He went on to commit to reflect further on the matter. It is quite clear that he and his officials have done exactly that. Many of the amendments in this group, particularly Amendment 65, are largely the fruit of that reflection and of our discussions. I am grateful for that and I commend these amendments to the House. I beg to move.

--- Later in debate ---
Baroness Vere of Norbiton Portrait Baroness Vere of Norbiton (Con)
- Hansard - - - Excerpts

My Lords, the amendments relate to the speed with which the first review of the rate can be conducted. Initially, I will focus on Amendment 65 and the related consequential Amendments 64, 66, 72, 74, 78 and 87.

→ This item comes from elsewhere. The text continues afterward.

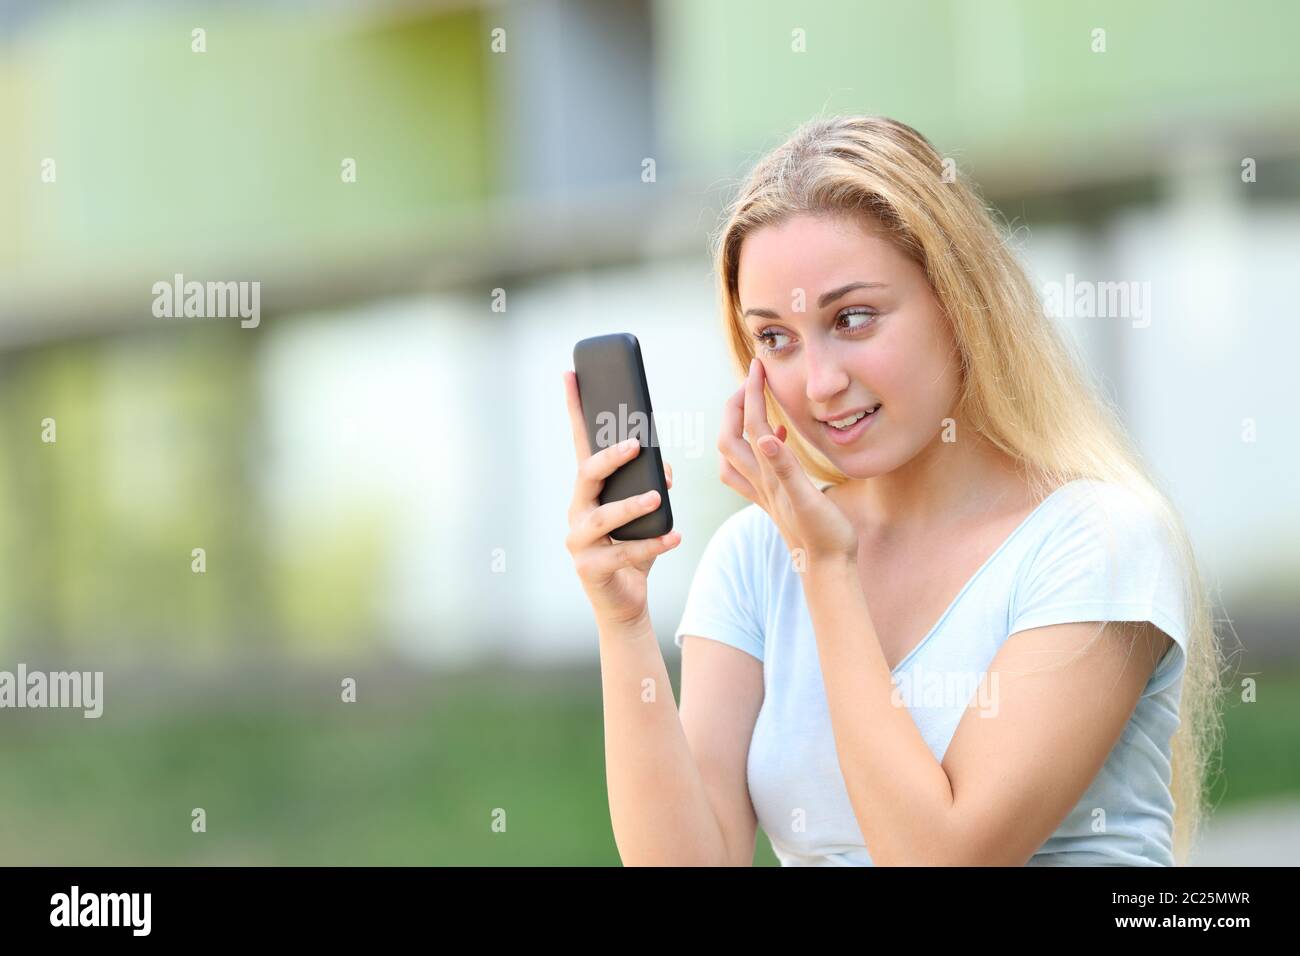 Teenage girl using smart phone as a mirror outdoors in an university campus Stock Photo

The amendments would accelerate the conclusion of the first review in four ways: first, by replacing the need for the Lord Chancellor to consult the expert panel with a requirement to consult the Government Actuary, thereby simplifying the preparation for the first review. Secondly, by reducing the maximum period within which a review must be completed from 180 days to 140 days. Thirdly, by requiring the Lord Chancellor to consult the Government Actuary within the first 20 days of the review starting. Fourthly, by reducing the time for the Government Actuary to carry out his or her review following the Lord Chancellor’s request, from the 90 days currently afforded to the expert panel in the Bill to 80 days. The remaining changes made by the amendments, including the obligation on the Lord Chancellor to publish information about the Government Actuary’s advice, are consequential to these four changes.

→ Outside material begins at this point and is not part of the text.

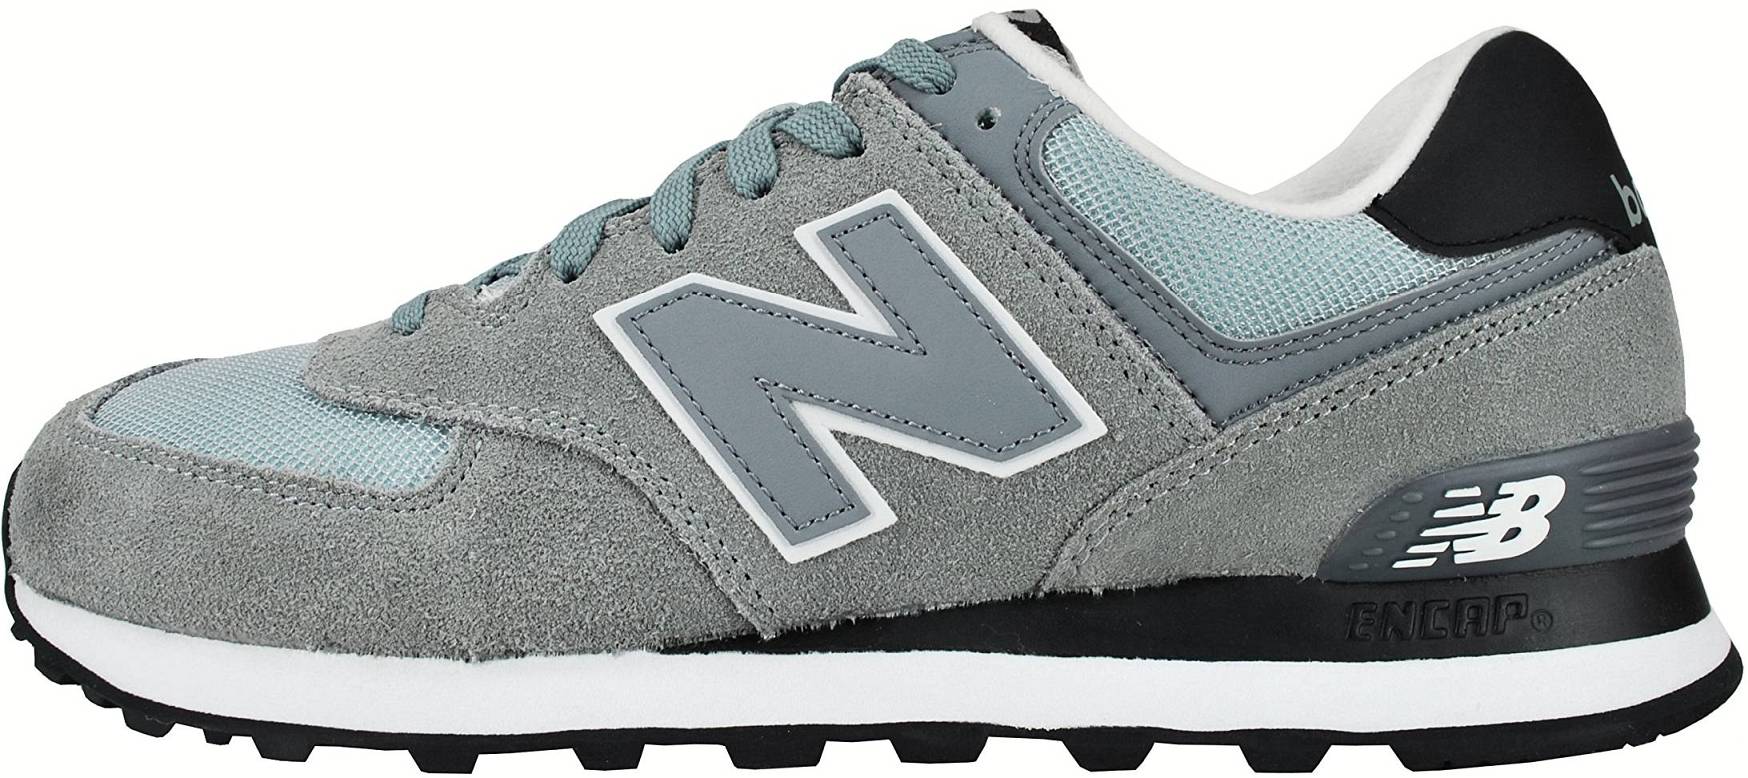 New Balance 574 Core Plus – Shoes Reviews & Reasons To Buy

The Government have made clear on several occasions that they are committed to starting and completing the first review as quickly as practical after Royal Assent. The amendments will assist the achievement of that objective because they will remove much of the uncertainty that would exist as to the readiness and availability of the as-yet-unknown members of the panel to commence the review promptly. This means that the open-ended period for the request to the panel can be confined to a specified period.

In addition, the carrying out of a review by the Government Actuary rather than a panel is administratively and substantively a simpler proposition. The overall period for the review and the period for the Government Actuary’s response can therefore both be shortened. The proposal that the Lord Chancellor will make the determination on the rate within 140 days of the start of the review, and that the Government Actuary will respond within 80 days of the Lord Chancellor’s request, recognises these changes in the proposals. The amendments do not affect the timing of the commencement of the review.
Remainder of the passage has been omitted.